Voici un scénario que peut surprendre: une personne en pleine forme, sportive, avec un bon taux de cholestérol LDL, et pourtant elle fait une crise cardiaque.
Ce paradoxe pourrait s’expliquer par une particule de cholestérol méconnue: la lipoprotéine(a), ou Lp(a). À la différence du LDL classique, cette molécule dépend fortement des gènes et échappe à l’impact de l’alimentation ou de l’exercice. Conséquence: elle peut s’accumuler de manière silencieuse dans les artères, accroissant le risque d’accidents cardiovasculaires même chez les personnes en bonne santé.
Pour comprendre pourquoi, intéressons-nous à sa structure. La Lp(a) ressemble au LDL mais possède une protéine supplémentaire, l’apolipoprotéine(a). Cette partie la rend plus collante et favorise la formation de plaques dans les artères. De plus, elle pourrait encourager la coagulation sanguine. Les études montrent que des niveaux élevés de Lp(a) sont liés à un risque accru de crises cardiaques et d’accidents vasculaires cérébraux, indépendamment des autres facteurs de risque. Ce lien est continu: plus le taux est haut, plus le danger grandit.

Contrairement au cholestérol LDL, la Lp(a) n’est pas influencée par le régime ou l’exercice, mais principalement par l’hérédité. Les niveaux se fixent tôt dans la vie et restent stables. Ce caractère largement génétique explique pourquoi certaines personnes développent des maladies cardiovasculaires malgré un mode de vie sain. Des facteurs comme la ménopause ou les maladies rénales peuvent légèrement modifier les taux, mais l’essentiel est inné.

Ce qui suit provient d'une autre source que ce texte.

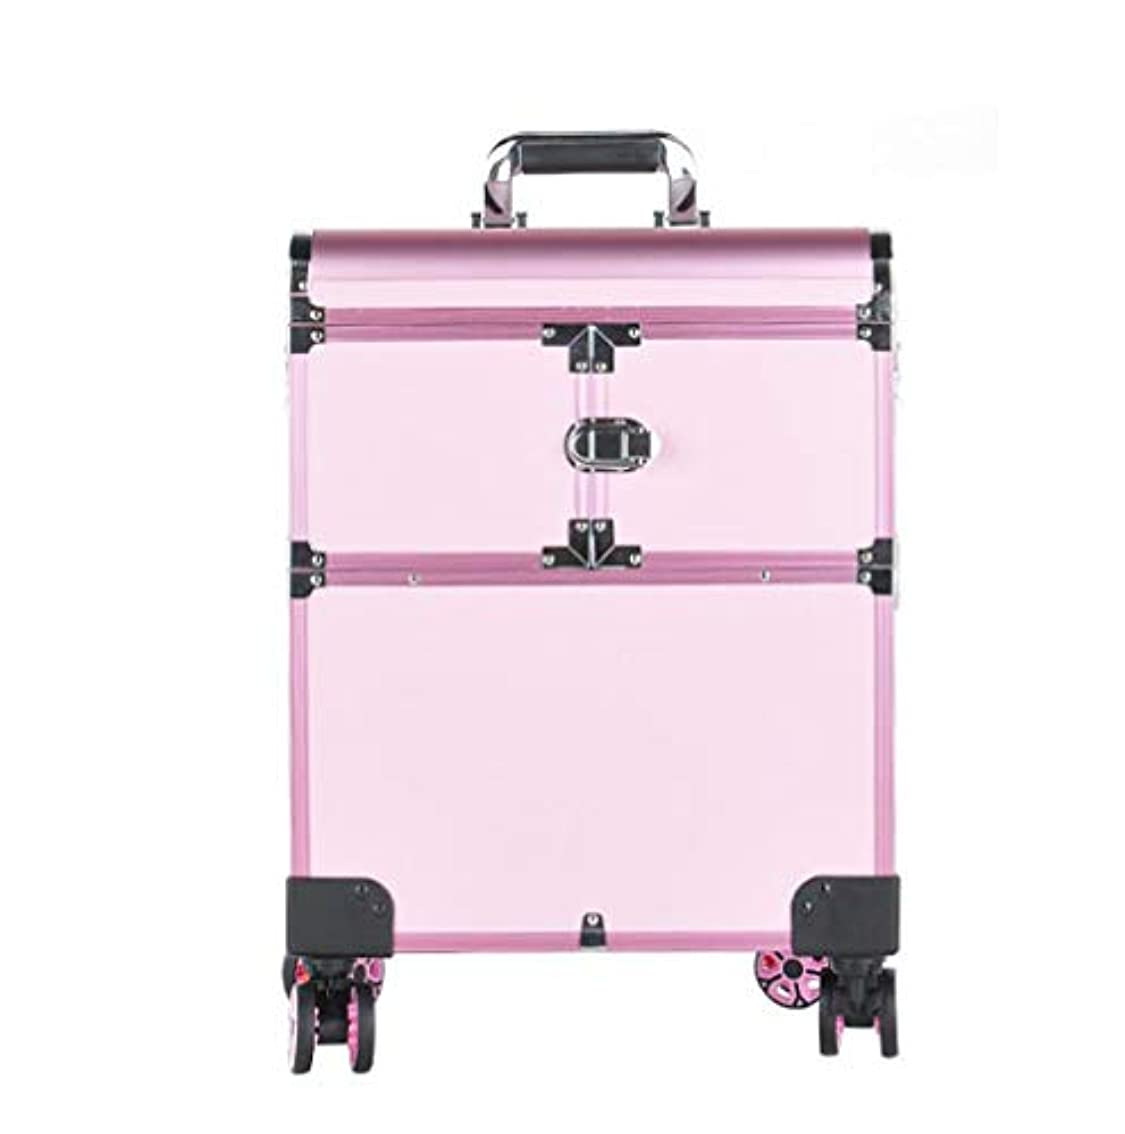 校長光のピアノを弾くBUMC 特大化粧列車化粧トロリーケース、多層大容量プロフェッショナル化粧品ポータブルレバーオーガナイザー収納ビューティーボックス,Pink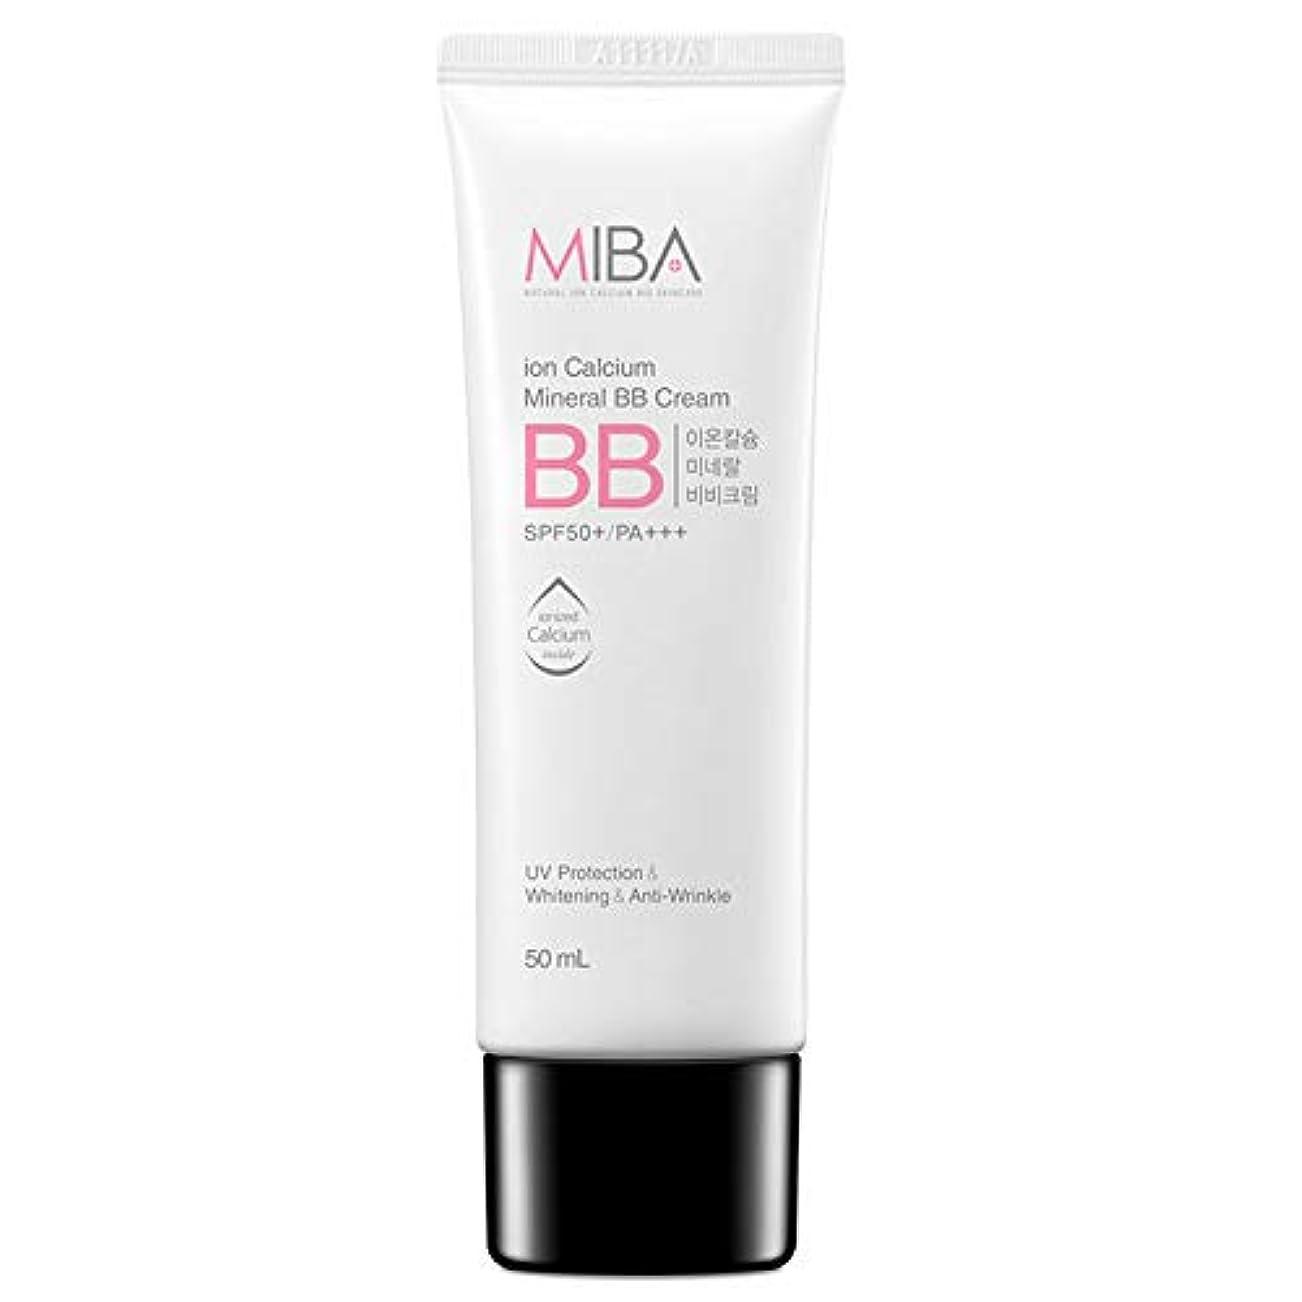 愛路地ソーシャルスキンDr ミバ IC ミネラルBBクリーム SPF50+/ PA+++ / MIBA Ion Calcium Mineral BB Cream [正規品]

Actuellement, peu d’options permettent de réduire la Lp(a). Les statines, très efficaces contre le LDL, n’ont quasiment aucun effet sur elle. Certains médicaments plus récents, comme les inhibiteurs de PCSK9, la diminuent modestement de 15 à 30 %. Cependant, une nouvelle classe de traitements promet une baisse spectaculaire. En utilisant le silençage génique, ces molécules empêchent le foie de produire la Lp(a). Les essais précoces montrent des réductions de 80 à 90 %.
Vous vous demandez si vous devriez faire tester votre Lp(a) ? Ce test n’est pas inclus dans le bilan lipidique standard. Il faut le demander spécifiquement. Les recommandations internationales recommandent une mesure au moins une fois à l’âge adulte, surtout en cas d’antécédents familiaux de maladies cardiaques précoces ou de risque inexpliqué. Comme le taux est stable, un seul test suffit souvent.
Il peut être frustrant de découvrir que l’on a un taux élevé de Lp(a), car on ne peut pas le modifier facilement. Mais il faut le considérer comme un indicateur de risque global. D’autres facteurs sont sous votre contrôle: le cholestérol LDL, la tension artérielle, le tabagisme, l’activité physique, l’alimentation et la gestion du diabète. En optimisant ces éléments, vous réduisez votre risque cardiovasculaire total, même si la Lp(a) reste élevée.
La recherche sur la Lp(a) progresse rapidement. Si les essais cliniques en cours confirment que les nouvelles thérapies ciblées diminuent les événements cardiaques, le dépistage et le traitement pourraient devenir courants. En attendant, la prise de conscience est une première étape clé. Parlez-en à votre médecin si vous avez des inquiétudes, surtout avec des antécédents familiaux. Et n’oubliez pas que les bases d’un cœur en bonne santé restent les habitudes de vie que l’on peut maîtriser.